- _ACTIVITY_: Return, with both end lines included, exactly what the data below holds from the line with "ファンキーでカッコいいジャズの再生済みの波形" through the line with "Поздравления с Днем", though not the pictures.

- _DATA FOR REVIEW_:
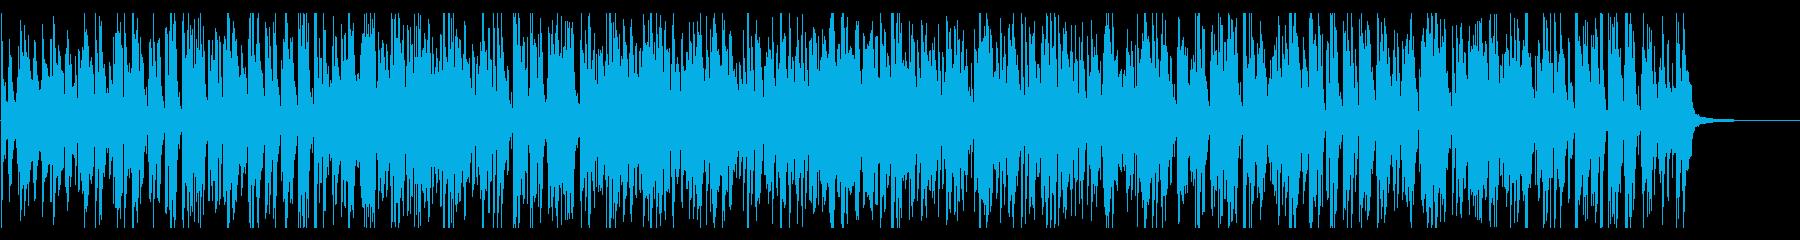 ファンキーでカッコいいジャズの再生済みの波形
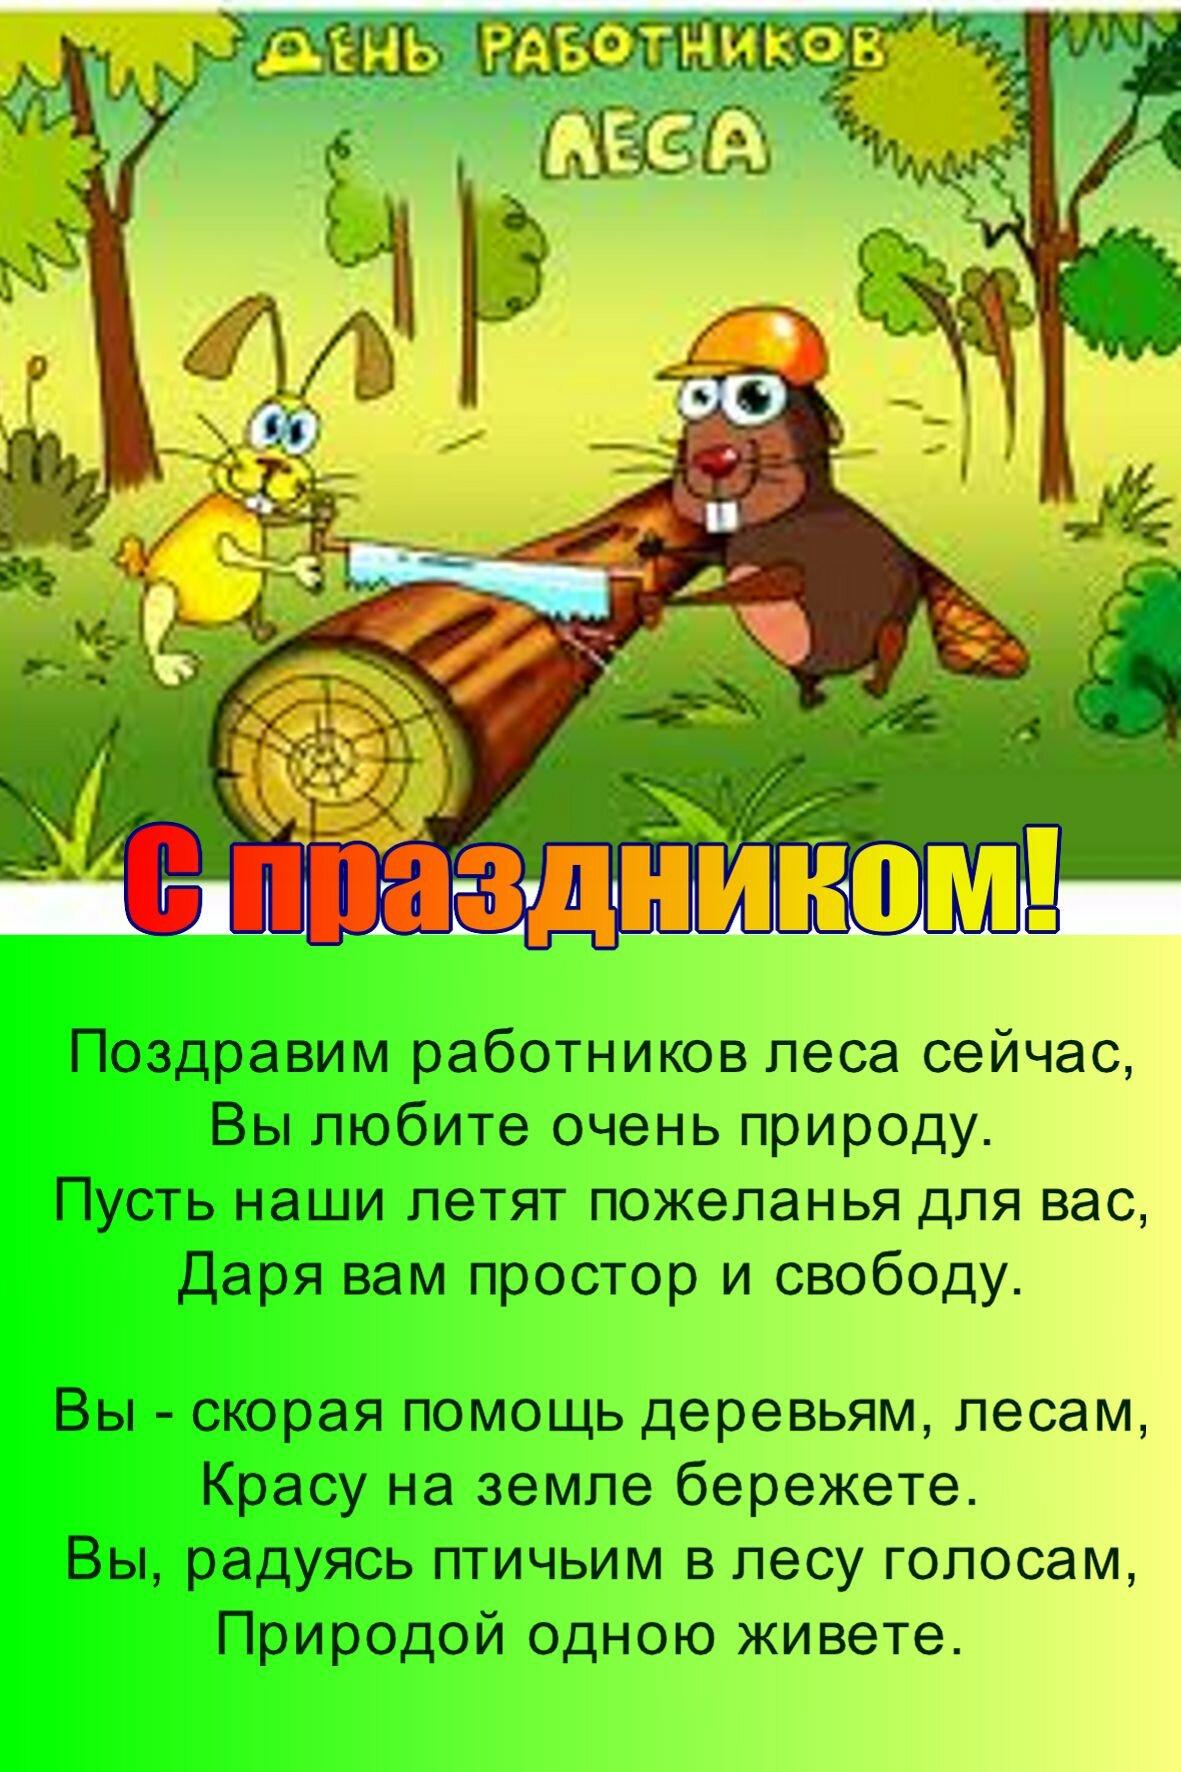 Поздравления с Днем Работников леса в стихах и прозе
==
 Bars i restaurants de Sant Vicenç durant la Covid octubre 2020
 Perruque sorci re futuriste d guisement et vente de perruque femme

- _SOLUTION_:
 ファンキーでカッコいいジャズの再生済みの波形
 Поздравления с Днем Работников леса в стихах и прозе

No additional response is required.